We can't because the user agent is actually the google proxy user agent.

(If the google image proxy opens more than 1 time then include it as 1 unique open)
Unique opens work exactly this way, no matter how many opens you get, it's going to show you just one.

I've read that all email service providers like mailchimp, AC etc etc have problems registering real/true open rates.
That is also correct. As I stated numerous times, all the others don't show that many details and this is why most people don't notice this problem.

---

Here's how our tests look like:

1. We sent a campaign which landed in Promotions. We opened the email from the web interface and the email has been opened 4 times by gmail. In all cases, the IP addresses were Google's and none of them were ours. We then opened the email from our email clients on both mobile and desktop, and it recorded the right IP addresses.
2. We sent a campaign which landed in the Primary/Inbox. No open was triggered automatically. We opened the email from the web interface and there were 2 opens tracked, from Google's IP. We opened from our email clients, desktop/mobile and the right IP was tracked.
3. The number of opens done by google vary, for example, @laurentiu opens were recorded a different number of times than mines.

What we understand from above, as long as you open the email from your email client from desktop/mobile, then IP address registered is the one belonging to the person doing the open. So this is all good.
When you open the email from the web interface, no matter the tab from where you open it (we didn't test spam), then google will use the image proxy and trigger the open in behalf of the person doing the actual open, so the recorded IP address is Google's.

I don't really see a way around this, if the email is open from Google's web interface, there is no way you can get the actual user IP address, you will always get the one from Google, no matter what you do.
 
I'm no expert.

I've read that all email service providers like mailchimp, AC etc etc have problems registering real/true open rates.

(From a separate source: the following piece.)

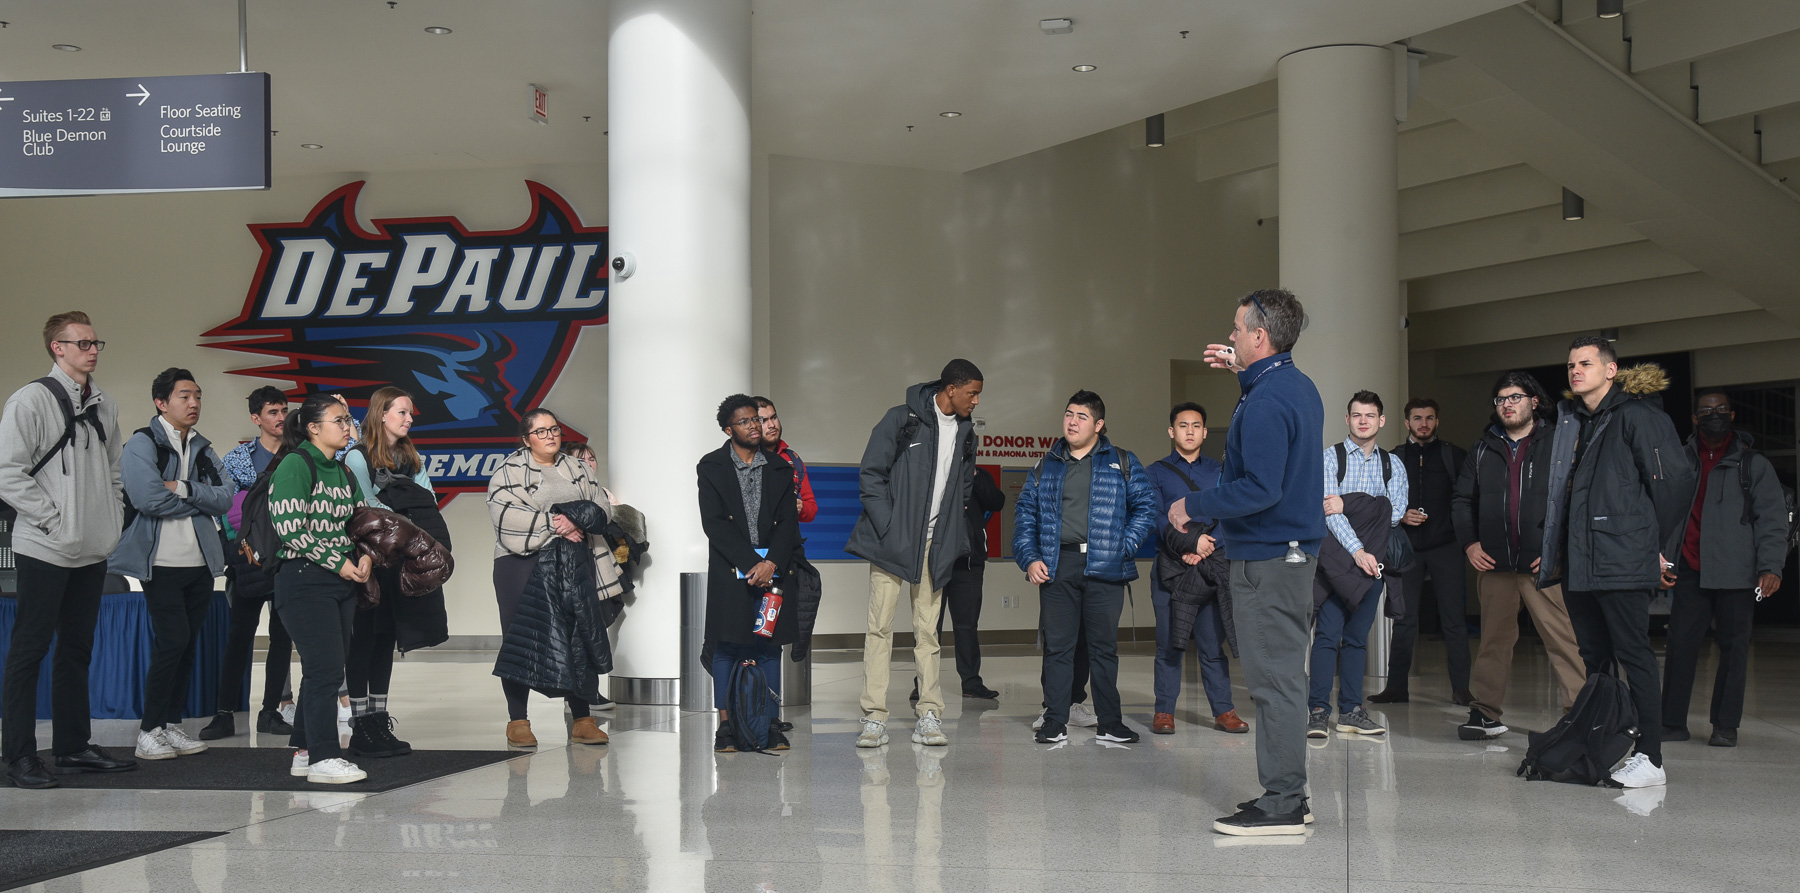 Friday morning the class headed south to Wintrust Arena and a tour with Arena Manager David Kennedy.

Surely, better to measure engagement from concrete link clicks?
I believe this is incorrect. Aweber, Getresponse, mailchimp and all other major email service providers are well established companies for many years, google image proxy only work on small companies or high risk mailers.
 
I believe this is incorrect. Aweber, Getresponse, mailchimp and all other major email service providers are well established companies for many years, google image proxy only work on small companies or high risk mailers.
Nope. Nothing to do with that. The Gmail image proxy / caching is not selective. I used to work with one the UK's larges eCRM agency and the problem was well known across the industry.
However, I still think the leading ESPs have somehow sussed out a solution or at least a work-around. That's what I still believe is worth investigating for us.
In the meantime, MW should at least fix the device statistics and exclude the Google IP from those stats only, since that's the most glaring bs. When I present these numbers to my clients with 90% of their subscribers supposed to be opening on Mozilla on a Windows desktop, I'm getting laughed out of the village and lose credibility each time.
 
MW should at least fix the device statistics and exclude the Google IP from those stats only, since that's the most glaring bs
See my above case, where I legitimately opened the email and the open has been tracked just once having google's ip address. if we'd exclude that, we'd exclude a perfectly valid open, which is not acceptable.
 
@twisted1919
why not
implement Event Webhook because it will include the most amount of information on those engagement events.
Here is an example of how reports those open events to the webhook:

{
"email": "example@test.com",
"timestamp": 1513299569,
"smtp-id": "<14c5d75ce93.dfd.64b469@ismtpd-555>",
"event": "open",
"category": "cat facts",
"sg_event_id": "sg_event_id",
"sg_message_id": "sg_message_id",
"useragent": "Mozilla/4.0 (compatible; MSIE 6.1; Windows XP; .NET CLR 1.1.4322; .NET CLR 2.0.50727)",
"ip": "255.255.255.255"
}

This user agent and IP field should that of the recipient.

Could you explain why not above should not work to get accurate open data?